As a writer, I do a lot of reading. As one who enjoys learning about how others think, I read a lot of different view points on a variety of topics. One thing I have come to notice is that people generally either want things clearly defined and understood in order to accept it as true, or they enjoy the mystery of not knowing and do not want anyone to remove that mystery even for the sake of truth. Some actually see truth as less important than the wonder of not knowing. A few see the benefits of both and understand that the grandeur of wonder far exceeds any defining knowledge we may have. Still sometimes wonder and mysteries are lost when knowledge is gained.
I recently read an opinion piece where someone was advocating that they did not wish to see the world through science nor religion because they wanted the mystery of the world kept alive. I thought this interesting because typically one chooses either a scientific or a religious approach. Few realize the two can work in tandem, but some are now seeing them both as instruments of modernism and rejecting them as such.
In a manner of speaking, I agree that religion and science can both attempt to be so defining that one feels the wonder sucked right out of their soul. Yesterday as a surprise snow fell, I was at first filled with wonder as I felt the joy of a child peaking out the window on a snow filled morning. Then thoughts arrested my attention of the condition of the roads and what things I might not be able to do. I thought of what the salt on the roads would do to the car. Then I started wishing I had no such knowledge of impediments to safety and other adverse affects of snow. It had muddled my affections for the winter wonder. I sought to push these unwanted thoughts from my mind and enjoy the soft white snow atop the bare tree branches.

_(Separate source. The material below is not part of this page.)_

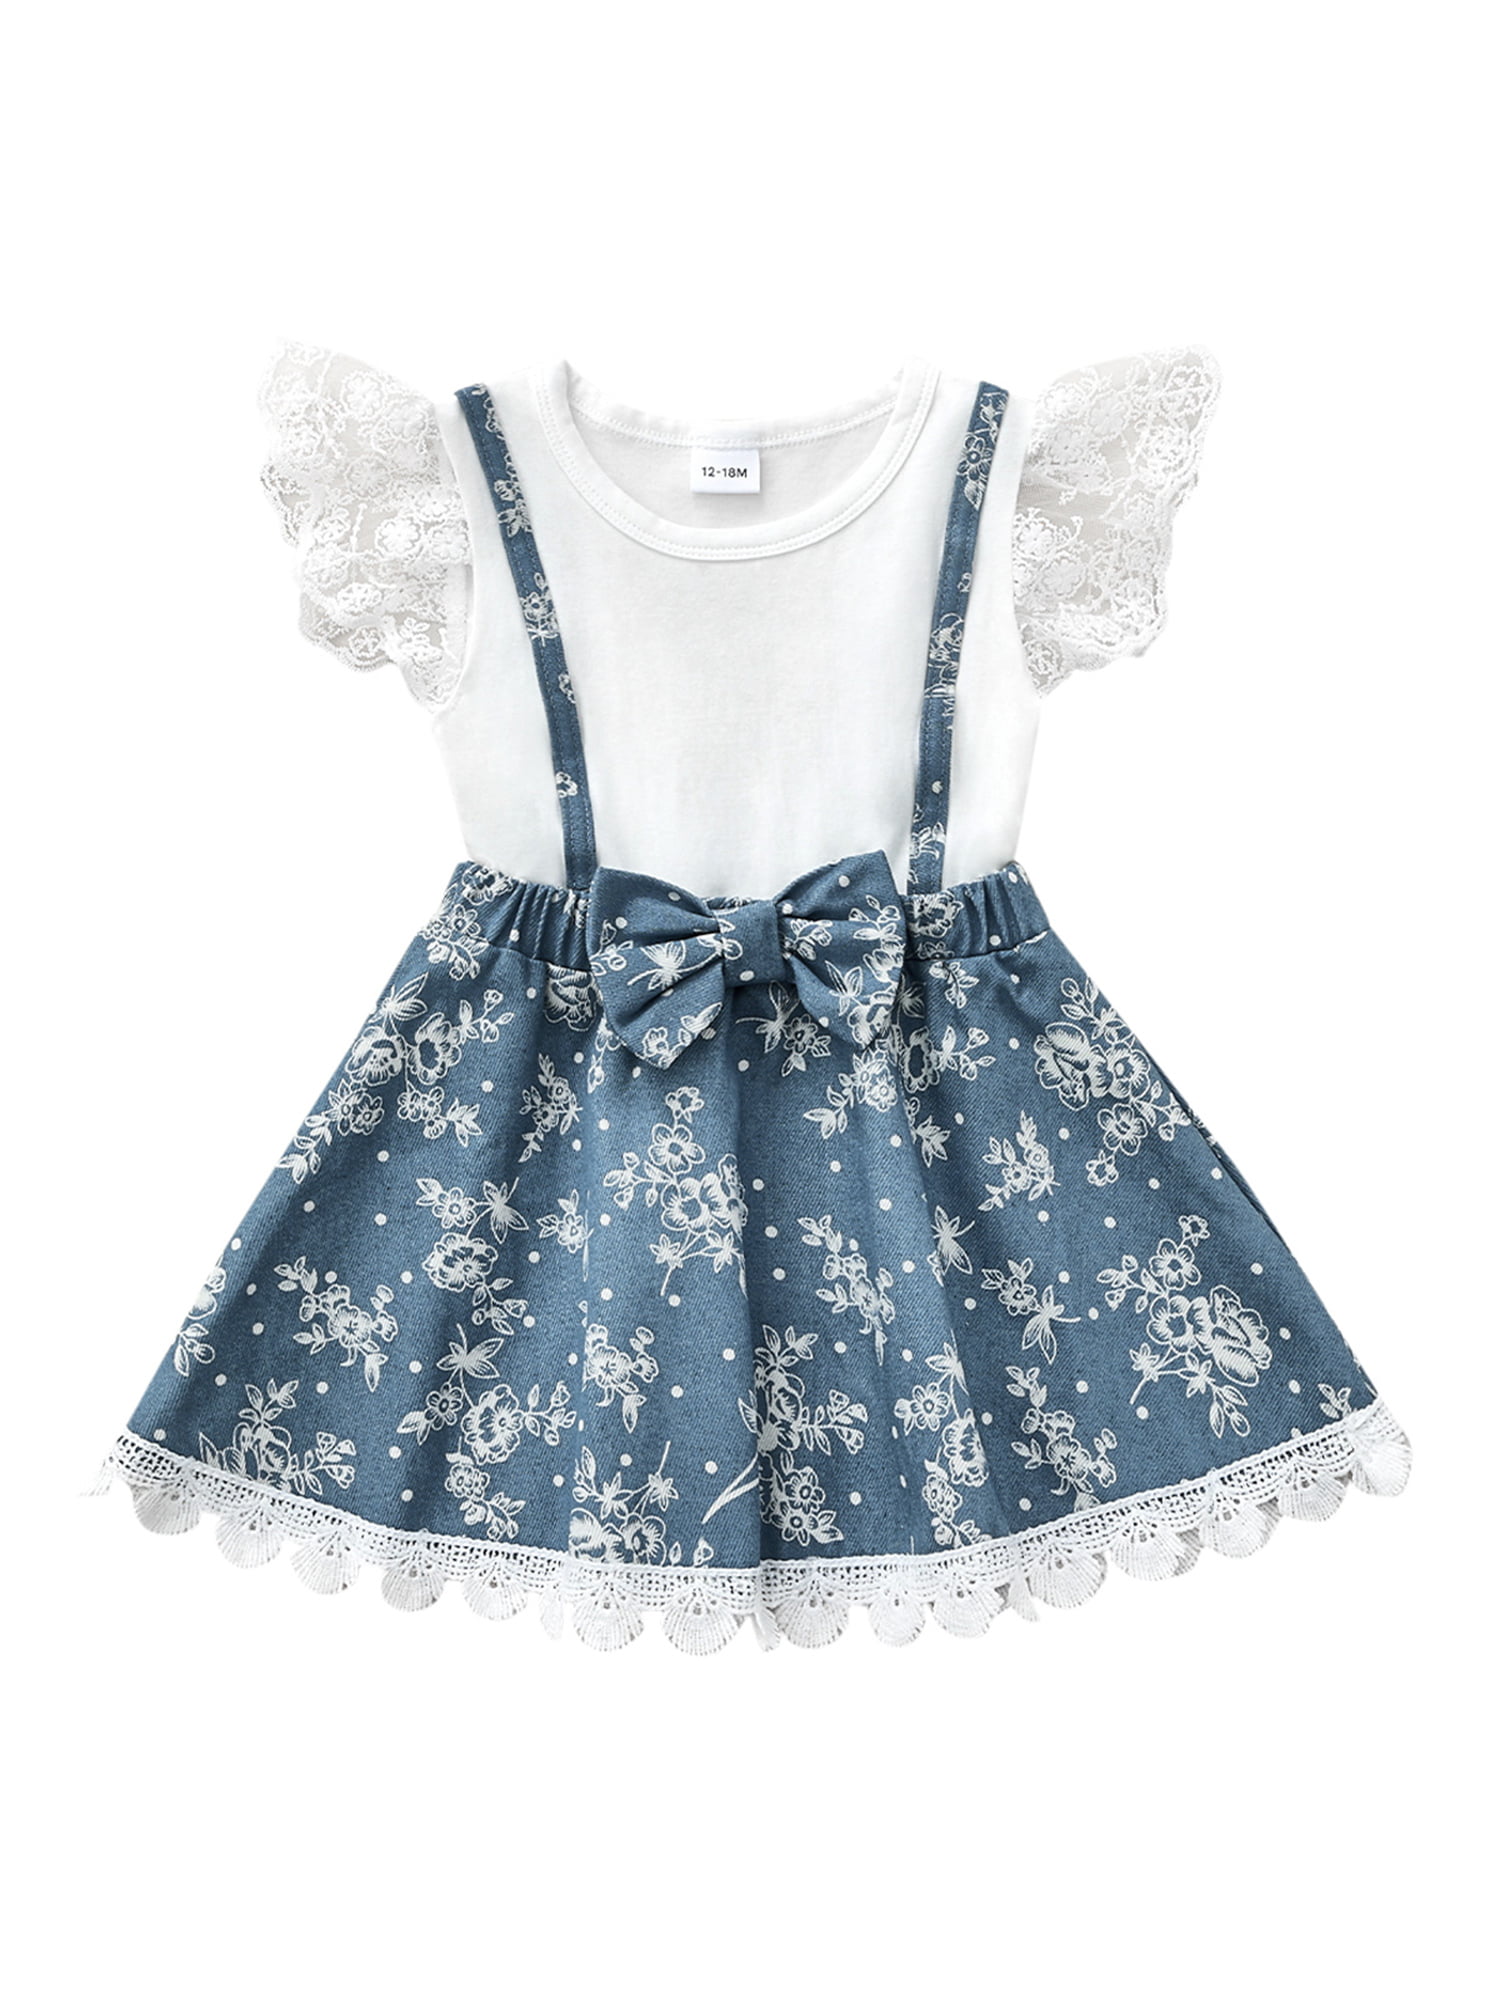 Toddler Baby Girls Summer Outfit Clothes Fly Sleeve Vintage Floral Print Ruffle Rim Skirt Sundress Boho Dress

There is a desire resonate within us for wonder, mystery, intrigue. We actually enjoy, at times, not knowing how things work, because we want to experience a magical nature. We reminisce of the days where we watched for Santa’s sleigh. We wish for the days when we had no cares about what things cost as we anticipated gifts under the Christmas tree.
The greater the knowledge the more the responsibly and the less we feel we have yet to know. However, it is wisdom to know that no matter how much knowledge we have we are far from knowing even a fraction of what can be known. Still knowledge is not something that can be measured by how many books it can fill for there is a large element that cannot be fully communicated by words on a page.
The best transcript of what snow looks like including personal accounts of what it is like to see and feel it will do little to bring real knowledge to someone who has never experienced it. The same can be said for a sunrise over the ocean or seeing mountains for the first time. The written transcript of an eye witness cannot communicate its grandeur. Even a most excellent photograph or painting could never do it justice. Copies and shadows of the real will never produce the mystery and wonder of the real thing.
We may think that knowing all about something robs us of the mystery and wonder of its actual substance, but it does not. We can allow it to at times, but it doesn’t have to. For instance, I enjoy theology immensely. Some find such a study as something that detracts from the splendor of God, but for me I see how much greater He is then the theology about Him. The more I stretch my intellectual understanding the more mystery explodes in my heart.
I think that religion as it is typically known often reduces God to its doctrines just as science can reduce nature to its theories. But neither really have this power for nature is greater than the science about it, and God is much greater than the doctrines concerning Him. When doctrines have become more vital than personal encounters with God, religion has taken shape, but where personal life with God enlightens towards a theological understanding religion has no hold.
I think that knowledge and mystery do not need to be opposites, but rather are different sides of the same coin. This is true whether we are talking about science and nature or theology and God. It’s a matter of perception and having tangible contact with what is substantially real whether seen or unseen.